Поэтому я и обращаюсь к Вам с очень большой для меня просьбой: если найдете нужным, оказать помощь в этом, как мне кажется, немалозначащем для нашей сельскохозяйственной и биологической науки деле.

Неправильным является утверждение, что я не выношу критики. Это настолько неправдоподобно, что я не буду на этом вопросе в данном случае подробно останавливаться. Любую свою работу в теории и практике я всегда сам подставлял под критику, из нее я научился извлекать пользу для дела, для науки. Вся моя научная жизнь проходила под контролем критики, и это хорошо.

Докладчик меня ни разу не вызывал и лично со мной никогда не разговаривал, хотя в своем докладе всю критику в основном направил против меня. Мне было отказано в билете на доклад, и я его внимательно прослушал не в аудитории, а в другой комнате, у репродуктора, в кабинете т. Митина, заместителя председателя Всесоюзного общества по распространению политических и научных знаний.

В чем сущность доклада в моем понимании, можно судить хотя бы по моим, весьма отрывочным, записям из заключительной части доклада. Часть этих записей отдельно прилагаю.

Меня неоднократно обвиняли в том, что я в интересах разделяемого мною мичуринского направления в науке, административно зажимаю другое, противоположное направление. На самом же деле это по независящим от меня причинам, к сожалению, далеко не так. Зажатым оказывается то направление, которое я разделяю, то‑есть мичуринское (8).

Думаю, что не будет преувеличением, если скажу, что лично я, как научный работник, но не как президент академии сельскохозяйственных наук, своей научной и практической работой немало способствовал росту и развитию мичуринского учения.

Основная беда и трудность моей работы как президента заключалась в том, что мне предъявляли, по моему глубокому убеждению, неправильные требования – обеспечить развитие разных направлений в науке (речь идет не о разных разделах в науке, а именно о разных направлениях).

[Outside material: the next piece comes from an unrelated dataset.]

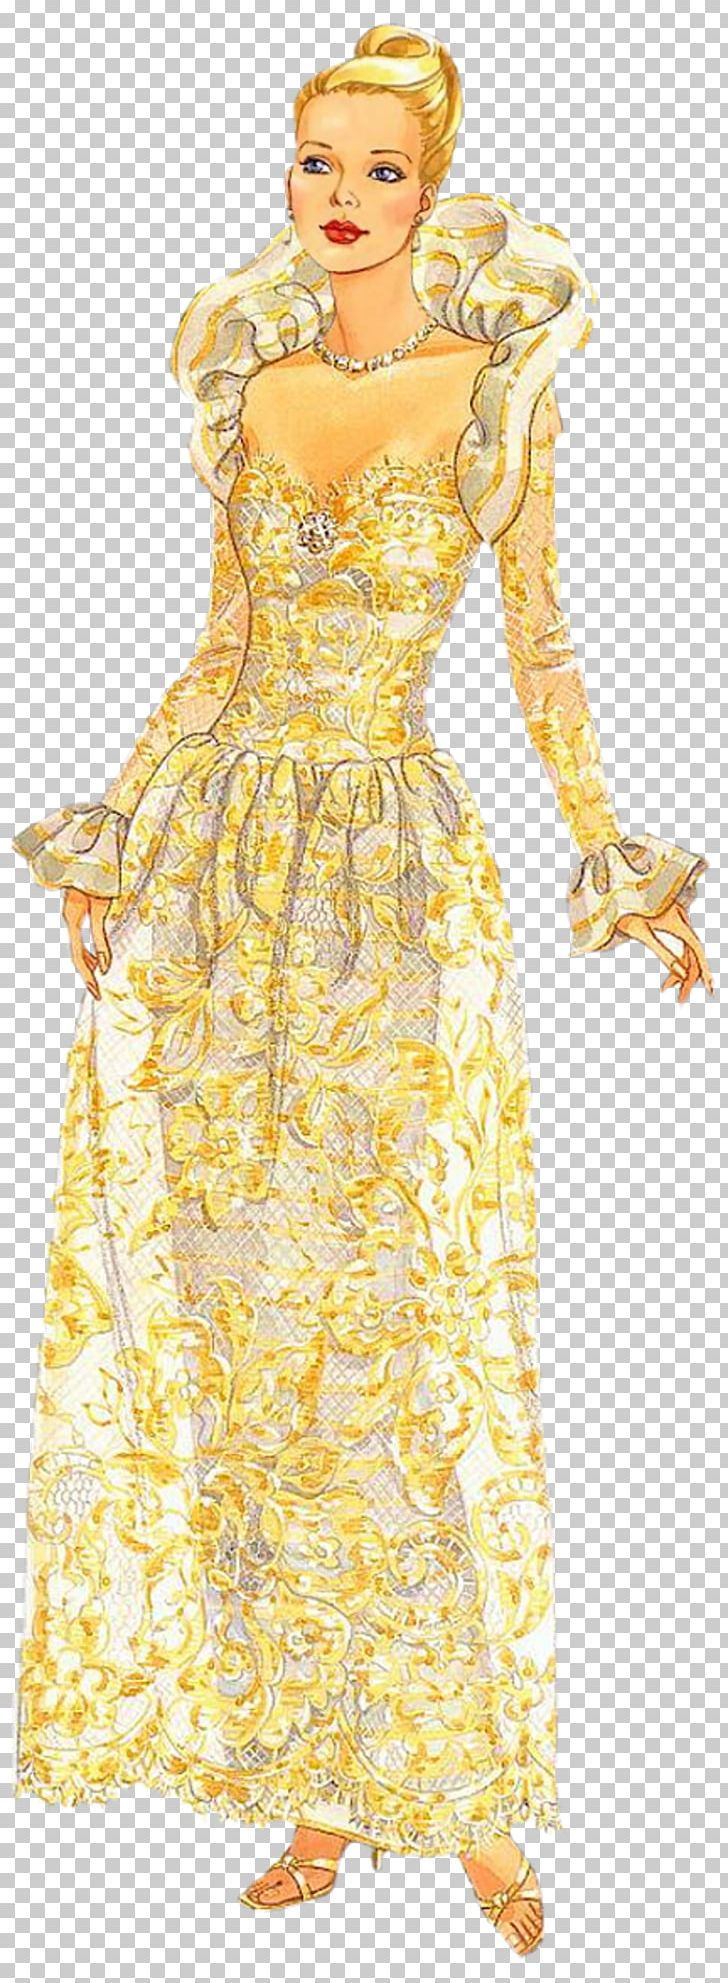 Costume Design Human Hair Color Gown PNG, Clipart, Character, Clothing, Color, Costume, Costume Design Free PNG Download

Для меня это требование невыполнимо. Но и зажимать противоположное направление я не мог, во‑первых, потому что административными мерами эти вопросы в науке не решаются, и, во‑вторых, защита неодарвинизма настолько большая, что я и не мог этого делать.

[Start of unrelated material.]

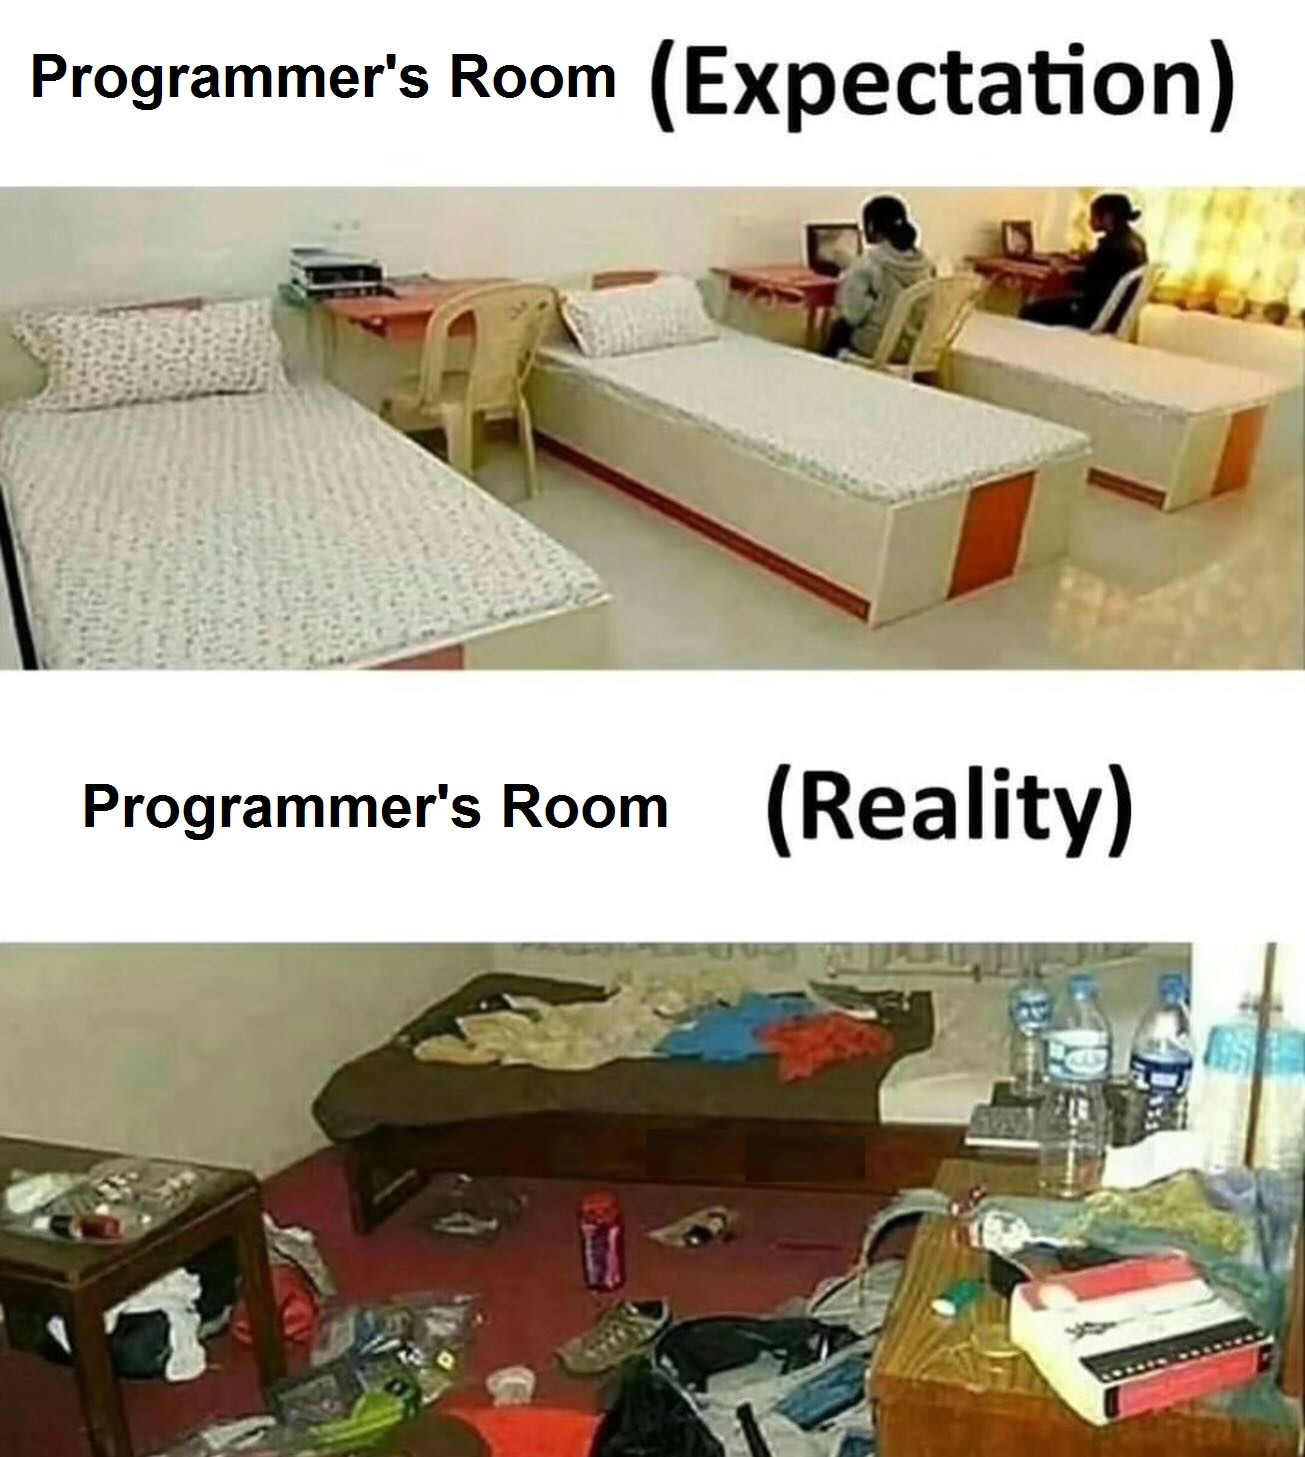 Programmer's Room Expectation & Reality

Фактически я был не президентом академии сельскохозяйственных наук, а защитником и руководителем только мичуринского направления, которое в высших научных кругах пока что в полном меньшинстве.

Трудность была и в том, что мне, как президенту Академии, приходилось научную и практическую работу представителей мичуринского направления (явного меньшинства в академии) выдавать за работу всей Академии. Анти‑мичуринцы же не столько занимались творческой работой, сколько схоластической критикой и наговорами.

Я могу способствовать развитию самых разнообразных разделов сельскохозяйственной науки, но лишь мичуринского направления, направления, которое признает изменение живой природы от условий жизни, признает наследование приобретенных признаков.

Я давно воспринял, разделяю и развиваю учение Вильямса о земледелии, о развитии почвы и учение Мичурина о развитии организмов. Оба эти учения одного направления.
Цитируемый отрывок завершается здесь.